I’m obsessed with the virtual reality training programs available on Meta. This unexplored genre is filled with experiences give you an unfiltered look at occupations and vocations you’d have no way of experiencing, like driving a forklift or disassembling a turbine engine, without dumbing them down by making them "fun." Simtryx is the best one I've found. This augmented reality medical training tool is designed to test fledgling doctors and nurses’ diagnostic skills. It’s an exam, so it offers no guidance; it just presents users with a bunch of tools—that listen-to-your-heart thinger, that popsicle-stick-tongue dealy, you know, doctor stuff—and an AI-powered patient to poke and prod. Then it expects you to make a medical diagnosis before a timer runs out.

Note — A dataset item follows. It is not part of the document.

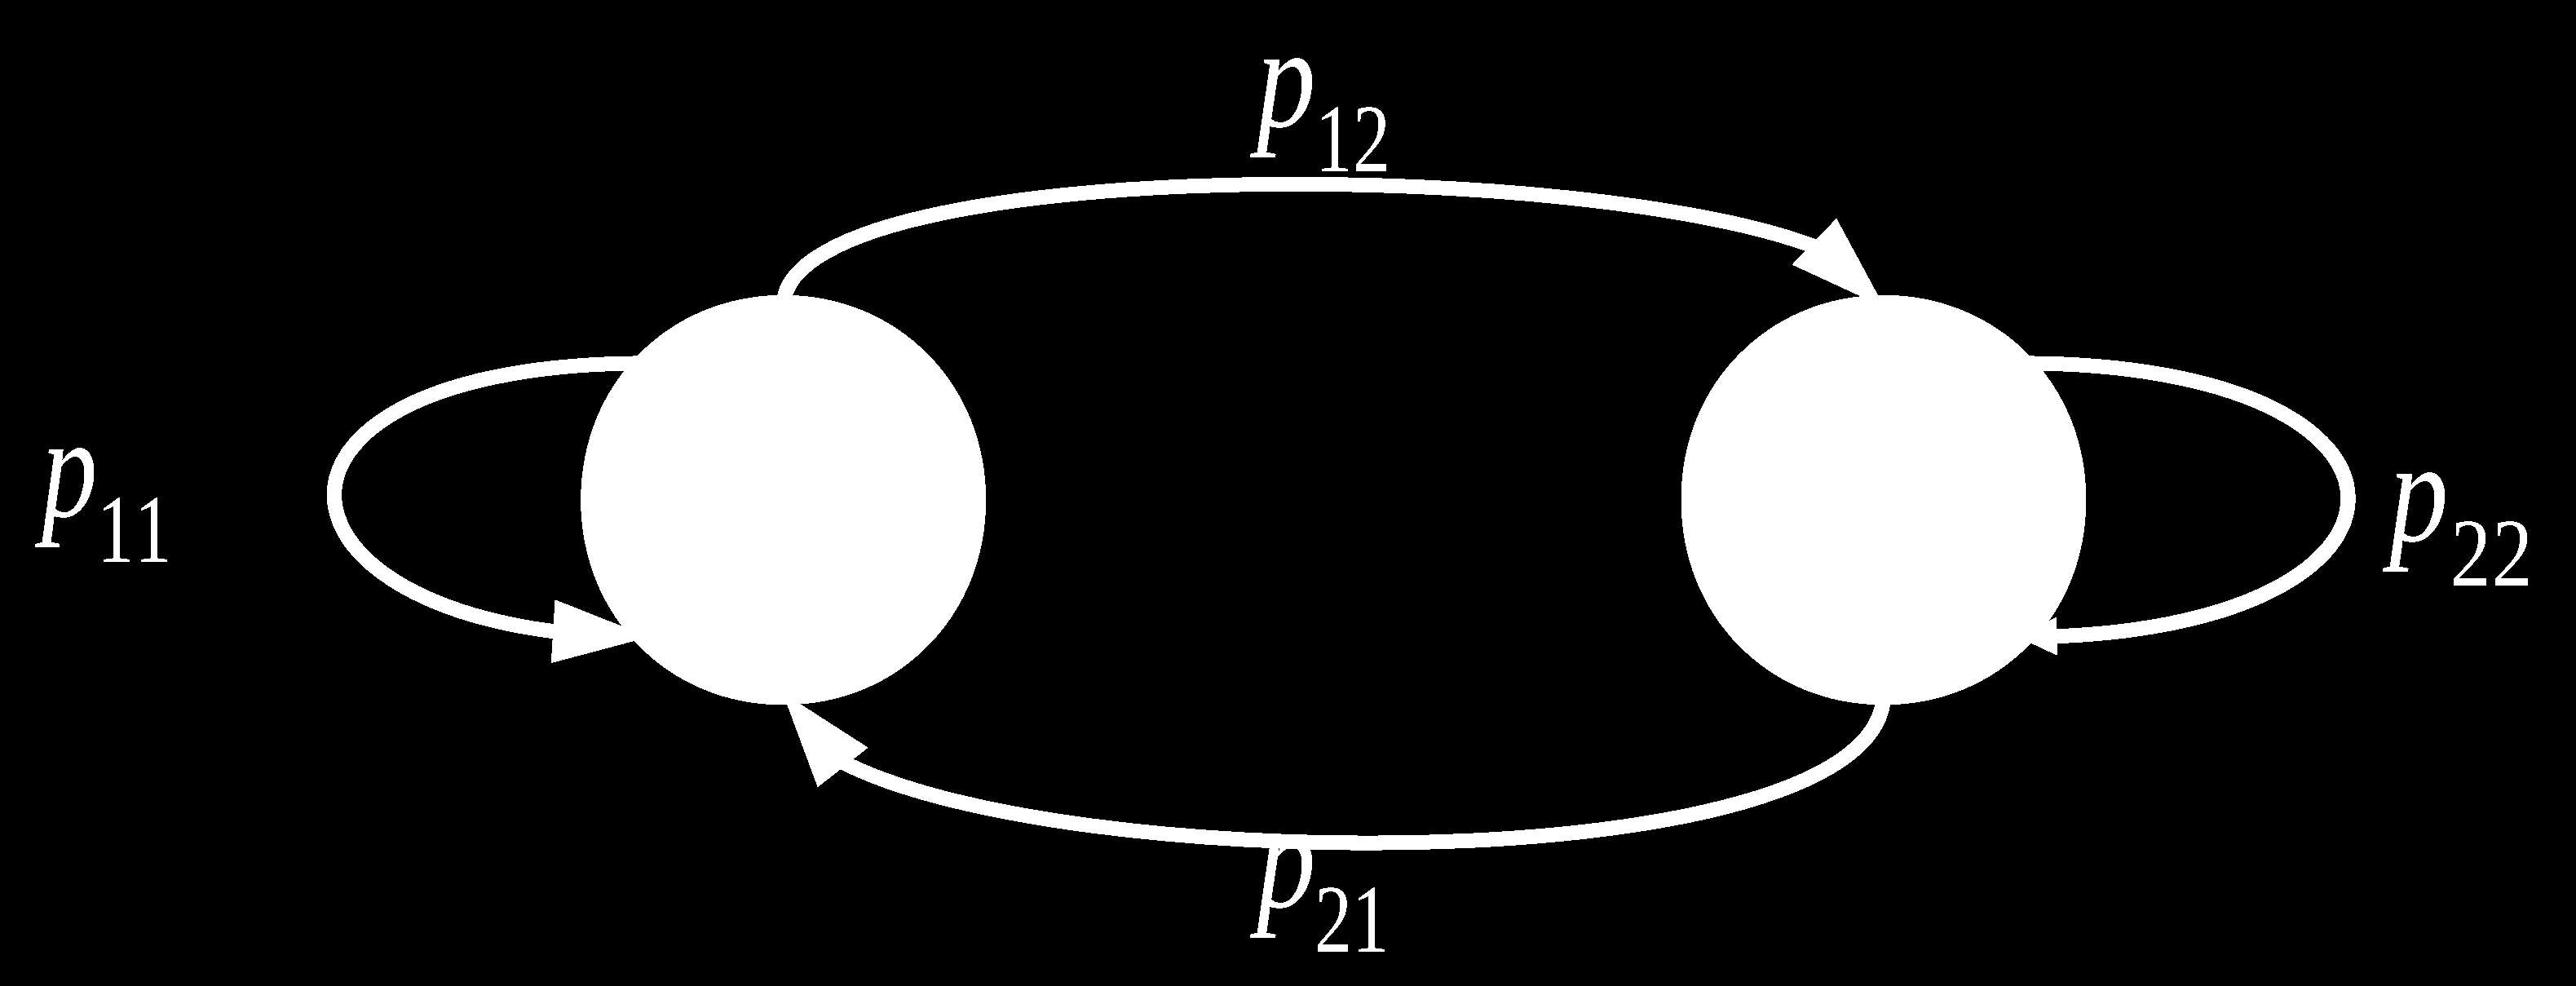 Σύστημα με 2 καταστάσεις (states) Πίνακας η Μήτρα Μετάβασης (Transition Matrix) P, ενός συστήματος Markov ονομάζεται ο πίνακας του οποίου τα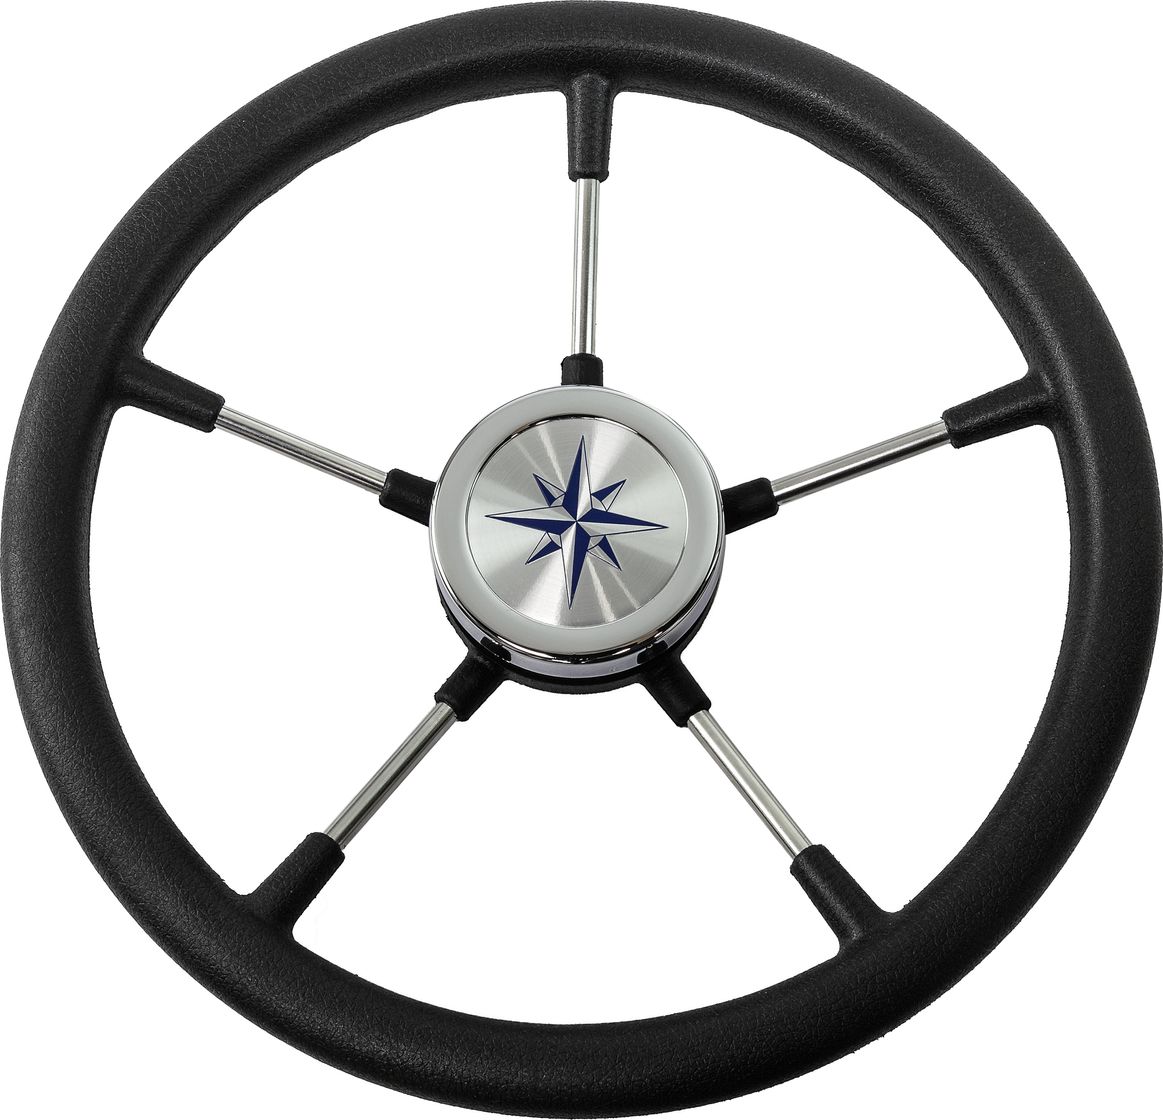 Рулевое колесо RIVA RSL обод черный, спицы серебряные д. 360 мм VN735022-01 рулевое колесо leader plast обод серебряные спицы д 360 мм vn8360 01

I'm sure this is a useful tool for medical professionals, but it's hilarious when you don't know what you're doing. Your patients will answer anything you ask thanks to AI, and you can prescribe all kinds of drugs. "A stomach ache, you say? 500ccs of Fentanyl, stat!" So far I’ve killed a bunch of people and diagnosed even more with “Hell if I know,” but after much trial and error, I was able to correctly diagnose this sad sack with cirrhosis of the liver:

Simtryx patient
Credit: Stephen Johnson - Simtryx

Being a doctor is super easy. Note: this is serious doctor biz. Login credentials are “only available to Simtryx partners at the moment," so you might have to plead to be let in like I did.

OneLab VR

Created by the Centers for Disease Control, OneLab VR was designed to train laboratory professionals and testers in scientific best practices, but they left it open so any jerk can mess around in the virtual lab. It’s set in a realistic 50,000 square-foot public health laboratory, where (presumably mad) scientists can operate centrifugal force machines, properly dispose of with biohazardous waste, sterilize instruments in autoclaves, and much more, all without actually dropping containers full of pathogens or drinking hazardous waste. It’s multiplayer too, so instructors can guide students, but there's no reason you can't use it to dick around with your friends. If you like following meticulous procedures that you don’t fully understand, or you just want to pretend you're wearing a lab coat, you will love OneLab VR.

Notes on Blindness

Based on the audio diaries of theologian John Hull, who gradually lost his sight in the 1980s, Notes on Blindness is an artistic journey into empathy that is only possible in virtual reality. It doesn't try to simulate blindness (super easy to do by closing your eyes), it immerses the user in a visual and aural interpretation of what Hull called "a world beyond sight." It’s a quiet, emotional, and deeply personal experience, and you do it with a VR helmet on, so no one will see you cry.